Lastly, if you make this Carrot Cake with Cream Cheese Swiss Meringue Icing be sure to leave a comment or give this recipe a rating. I love to see when people make my recipes, so please tag me @youthsweets on Instagram if you post!
📖 Recipe
Carrot Cake with Cream Cheese Swiss Meringue Icing
Ingredients
Carrot Cake
- 2 cups all-purpose flour
- 2 teaspoon baking powder
- ¼ teaspoon baking soda
- ¾ teaspoon salt
- 1 ½ teaspoon ground cinnamon
- ¾ teaspoon nutmeg freshly grated
- ½ teaspoon ground ginger
- pinch ground cloves
- 1 ¼ cup vegetable oil
- 1 cup dark brown sugar
- 1 cup granulated sugar
- 4 large eggs room temperature
- 1 ½ teaspoon vanilla
- 3 cups finely grated carrots (300g shredded, approx. 4 large carrots)
Cream Cheese Swiss Meringue Buttercream
- 6.25 oz egg whites
- 7 oz sugar
- pinch of salt
- 1 lb unsalted butter room temperature, 72 degrees or warmer
- 8 oz cream cheese room temperature
- 1 teaspoon vanilla
- white, purple, orange and green food coloring
Instructions
Make the cake
- Preheat oven to 350°F. Grease and flour three 6″ cake rounds, line bottoms with parchment circles.
- In a medium bowl, combine flour, baking powder, baking soda, spices, and salt.

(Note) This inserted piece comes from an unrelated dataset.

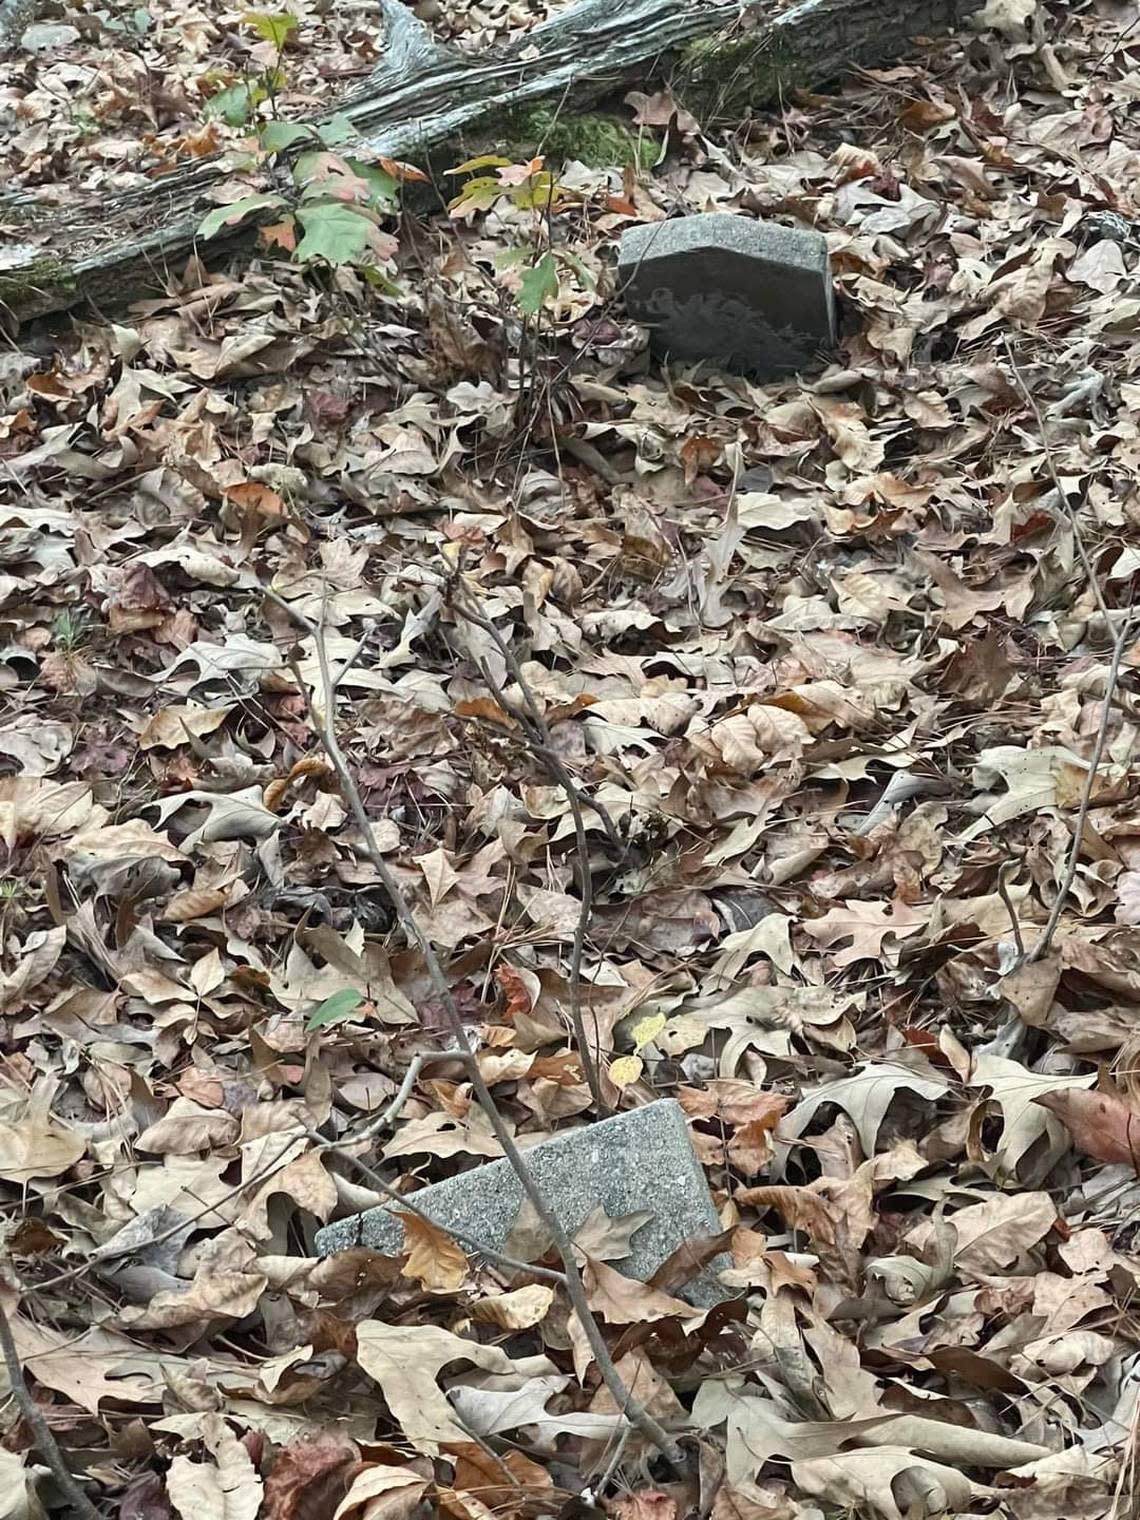 Headstones are covered in leaves at an overgrown and forgotten cemetery in Macon.

Set aside.
- In the bowl of a stand mixer fitted with a paddle attachment, combine vegetable oil and sugars. Beat until well combined, about 2 mins. Add eggs, one at a time, fully incorporating after each addition. Add vanilla and mix until incorporated.
- Add flour mixture in 3 parts, careful not to overmix. Fold in carrots.
- Spread batter evenly into prepared pans and bake for 45-55 minutes, or until a cake tester or toothpick inserted into the center comes out clean.
- Cool cakes in their tins for 10 minutes, then turn out onto a wire rack to cool completely.
Make the frosting
- Combine egg whites, sugar and salt in a heatproof bowl. Set over a bain-marie and cook, stirring constantly, until 160°F. Remove from heat and pour into a Kitchenaid mixer bowl fitted with a whisk attachment.
- Beat on high until stiff peaks form and the bowl is cool to the touch. This may take 10 minutes or more.
- Change to a paddle attachment, add room temperature butter and mix on the lowest setting until butter is incorporated and frosting is light and fluffy. This may take 15 minutes or more, but stay on the lowest setting. If it looks curdled, keep mixing. When in doubt, keep mixing.
- At this point, you have made swiss meringue buttercream. Set aside.
- Beat your room temperature cream cheese for at least 5 minutes until very fluffy and smooth. Add vanilla and mix.
- Add your swiss meringue buttercream to your cream cheese in thirds. Do not add your cream cheese to your swiss meringue buttercream. It will not mix in properly.
- Your frosting is ready to use as is, or you can add food coloring. I added whitener and a drop of purple to whiten the majority of the frosting. Then for decorations, I removed ¼ cup and added orange food coloring for the carrots and removed another ¼ cup and added dark green food coloring for the leaves.
Assemble the cake
- You can either build one cake with three thick layers, two cakes with three thin layers or one cake with six thin layers. I like to cut each baked layer in half and make (2) thin, three-layered cakes.
- With an offset spatula, swipe a teaspoon of your frosting onto the cake board to hold the first layer in place.
- Place one layer of cake onto the cake board. Top with about ½ cup of buttercream and spread evenly. Repeat with remaining layers. Frost and smooth the outside with a thin crumb coat and chill to set the crumb coat.
- Spread a thicker layer of frosting on the top and outside with offset spatula. Smooth with a bench scraper. If desired, pipe little carrots all over with orange and green icings.